The index decreased to 96.6 points, down 2.5 points over the past month but 7.0 points higher than a year ago.

 
 NB: When reading the chart, please note that the numbers are not directly comparable due to slight methodological differences. Both are calculated from a neutral point of 100 plus the unweighted average of the difference between the proportion of respondents who give favourable versus unfavourable answers to five key questions. A score above 100 indicates that the number of optimists outweigh the number of pessimists and vice-a-versa for a number below 100.
 

 What are the pollsters saying about current confidence levels?

Gary Morgan, executive chairman, Roy Morgan

“As the London Olympic Games closed over the weekend Australian consumer confidence rose 2.1points to 113.1 — it’s highest for three months since May 12/13, 2012. Driving the rise was a strong increase in Australians saying now is a ‘good time to buy’ major household items — up 7% to 58%.

“Also contributing to the rise was increasing optimism about the Australian economy with 32% (up 1%) expecting ‘good times’ for the Australian economy over the next 12 months and 34% (up 2%) expecting ‘good times’ for Australia’s economy over the next five years.

“The RBA’s decision to leave interest rates unchanged last week at 3.5% – amongst the highest in the developed world – appears to have had little immediate impact on consumer confidence although it has strengthened the Australian Dollar which has traded clearly above US$1.05 in the past week.”

 

Bill Evans, chief economist, Westpac

“There has been enough positive news around since the last survey, and generally over the last few months, to have sustained an upswing in Consumer Sentiment. News that retail spending was boosted in the first half of the year; unemployment remains low; the Government has released $1.9bn in fiscal compensation over the May–June period; the Reserve Bank had cut the overnight cash rate by 0.75% in May/June; and the President of the European Central Bank has been promising to “do whatever it takes” to save the Euro has been unsuccessful in sustaining an upswing in sentiment.

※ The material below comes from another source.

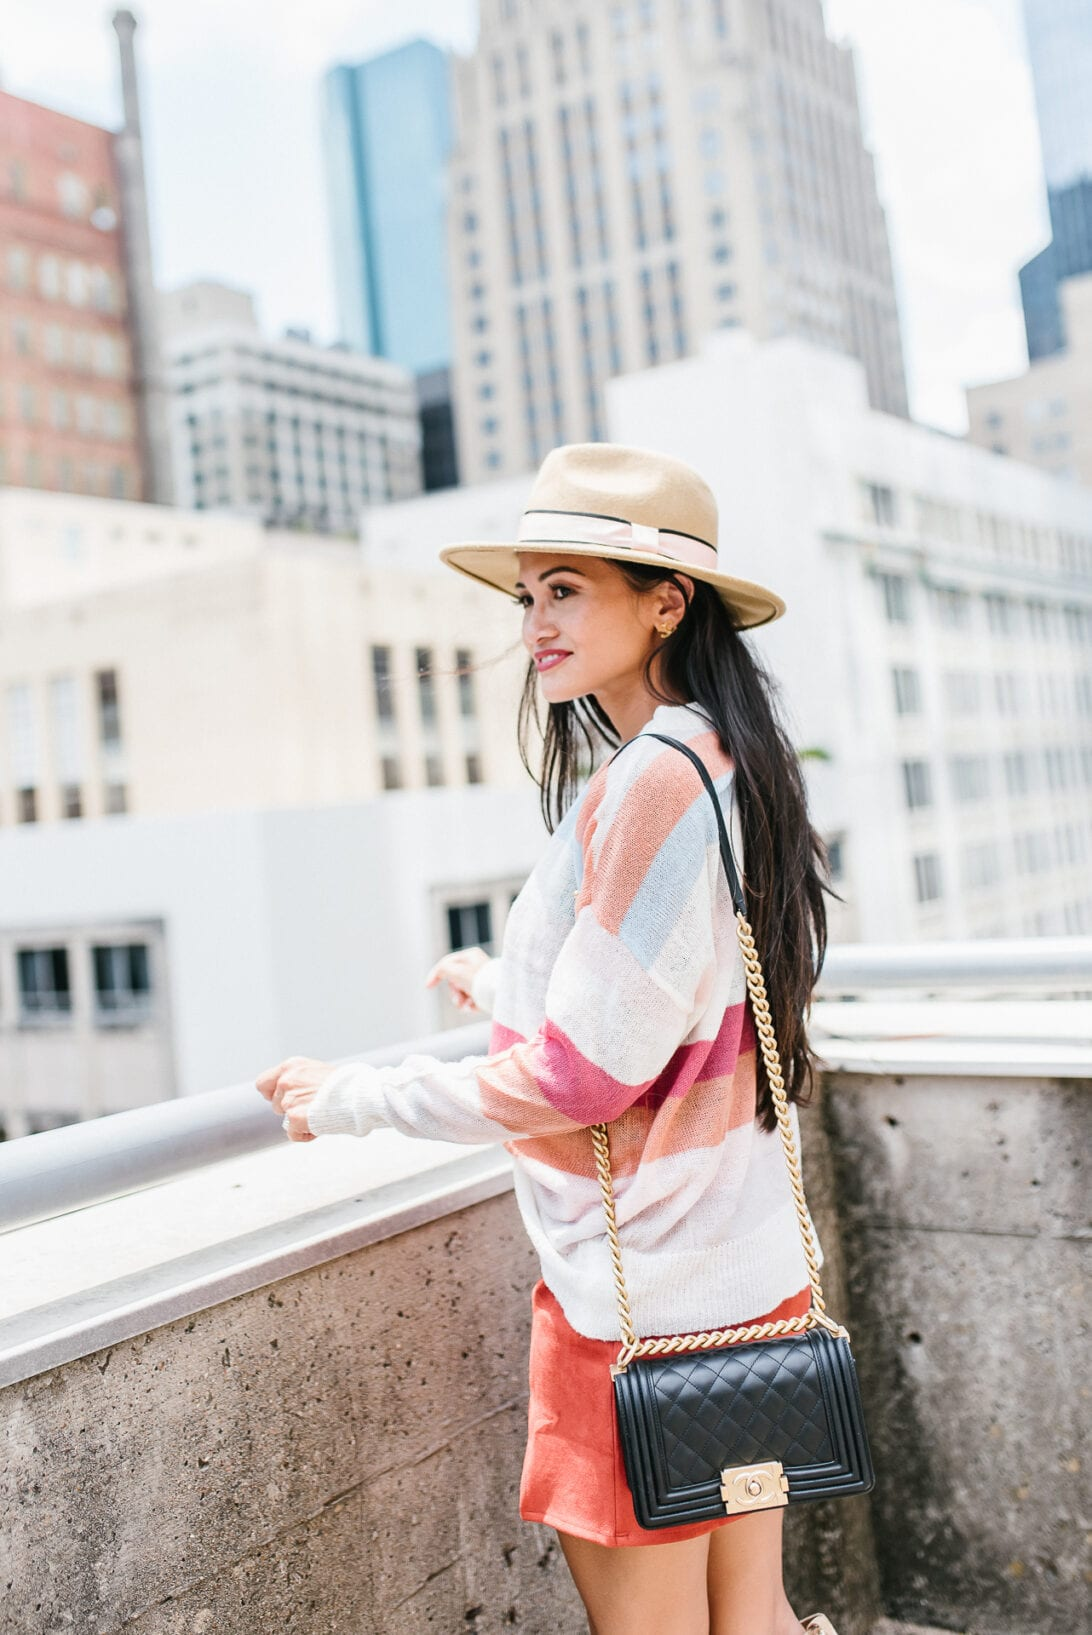 chanel boy bag, fall outfit, fall style, mini skirt, luxury handbag review

“Indicative of a more positive global outlook the share market has risen by 2.9% and the Australian dollar has risen from around USD 1.02 to USD 1.05 since the survey in July, the latter also reflecting Australia’s attractive interest rate differential.

“This is the sixth consecutive month that the Index has registered below 100, averaging 96.2. This is unusual. The only comparable periods since the recession of the early 1990s are in 2000–01 when the Index printed an average of 96.5 over an eight month period and in 2008–09 when it averaged 88.0 over a 16 month period.

“Media reports that the Reserve Bank may have decided against future rate cuts are likely to have unnerved households. For example, despite rates staying on hold the confidence of respondents who hold a mortgage fell by 3.9%.